# Interesting vintage guitar on Kijiji



## greco (Jul 15, 2007)

It might need new strings !!


1938 ss stewart guitar - Kitchener / Waterloo Musical Instruments For Sale - Kijiji Kitchener / Waterloo Canada.


Cheers

Dave


----------



## Ship of fools (Nov 17, 2007)

Looks to be in fairly good condition and it looks like one of the ones made by Reagl at the time and would fit in with the date and for the meer price of $200.00 it is a steal for all that old mojo.
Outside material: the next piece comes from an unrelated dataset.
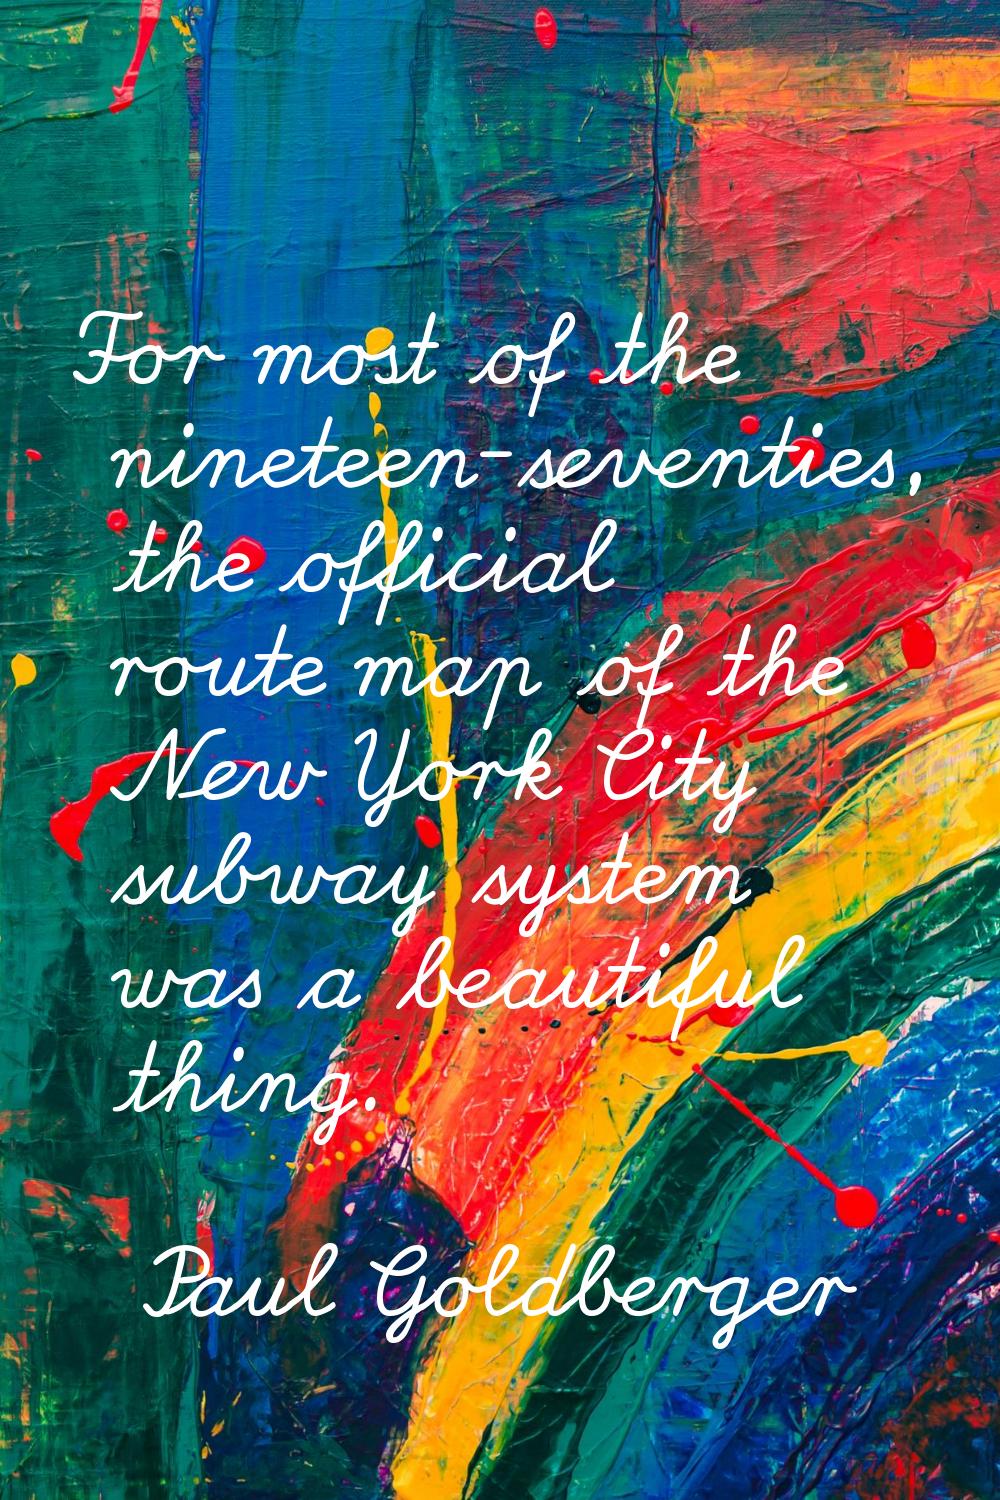 For most of the nineteen-seventies, the official route map of the New York City subway system was a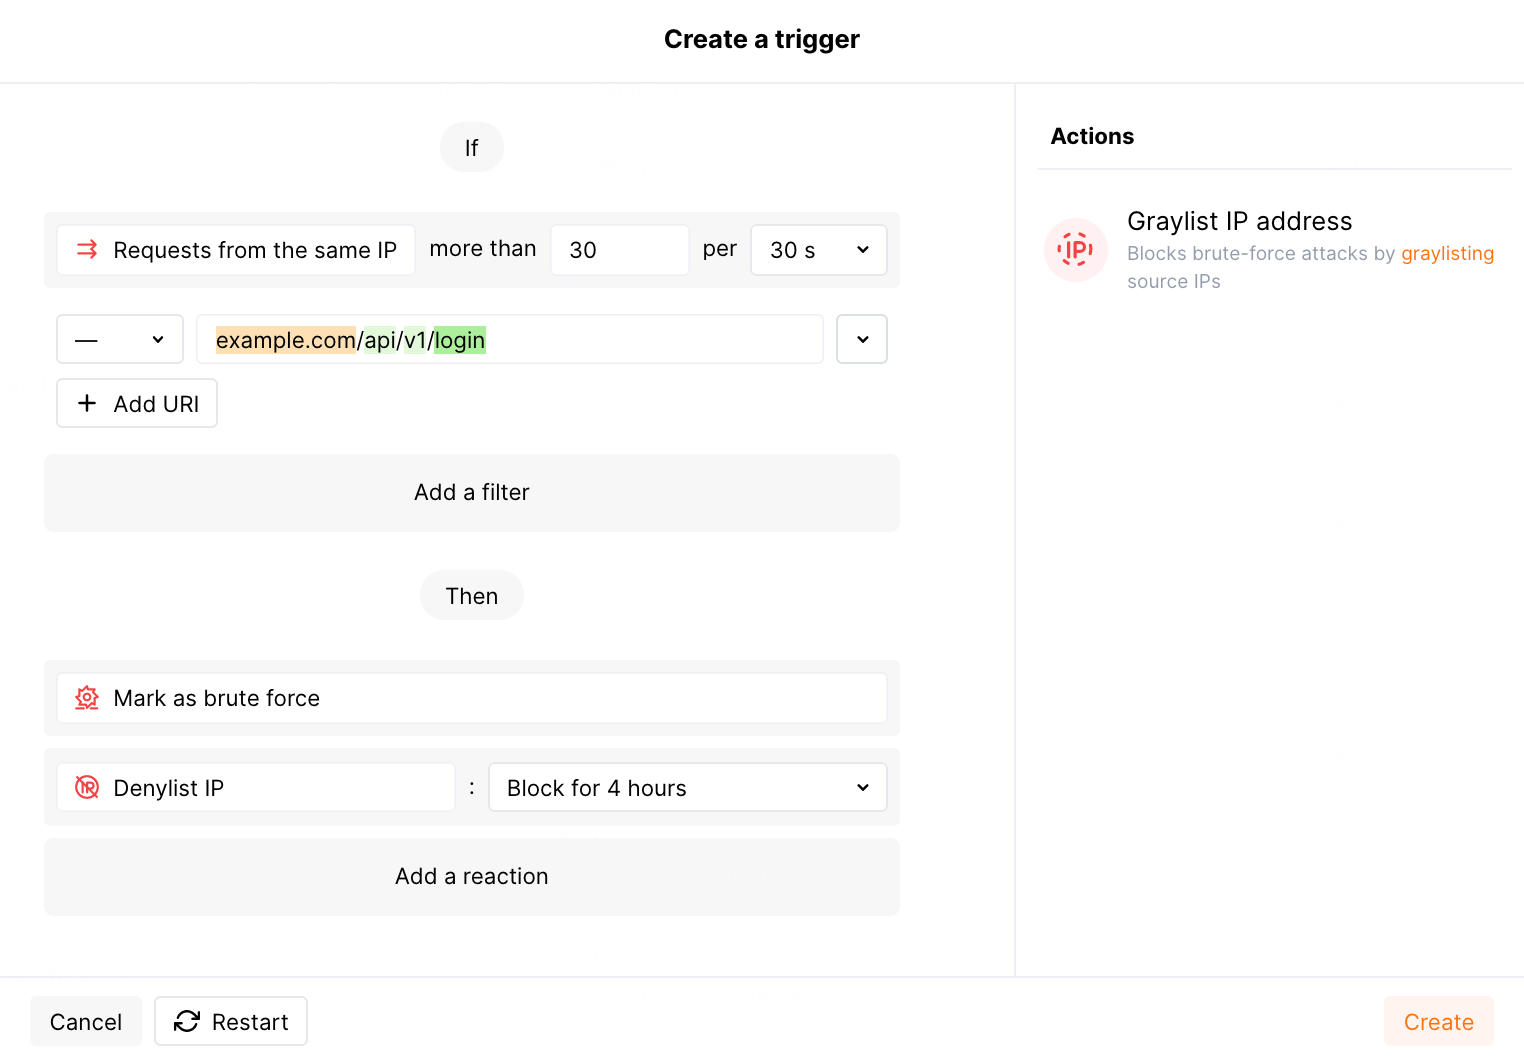 Brute force trigger example

If I were closer that would already have been mine.ship


----------



## snacker (Jun 26, 2008)

so, did you get it?


----------



## keto (May 23, 2006)

I'd guess it's worth somewhere between 15x to 25x the asking price.


----------



## greco (Jul 15, 2007)

keto said:


> I'd guess it's worth somewhere between 15x to 25x the asking price.


Are you serious ?

Snacker...No, I'm trying to scale down !!
I hope to sell some stuff and concentrate on learning how to play what I have.

Cheers

Dave


----------



## snacker (Jun 26, 2008)

greco said:


> Are you serious ?
> 
> Snacker...No, I'm trying to scale down !!
> I hope to sell some stuff and concentrate on learning how to play what I have.
> ...



i know, i know....just teasing - i'm scaling back too which is why i bought a new tele today


----------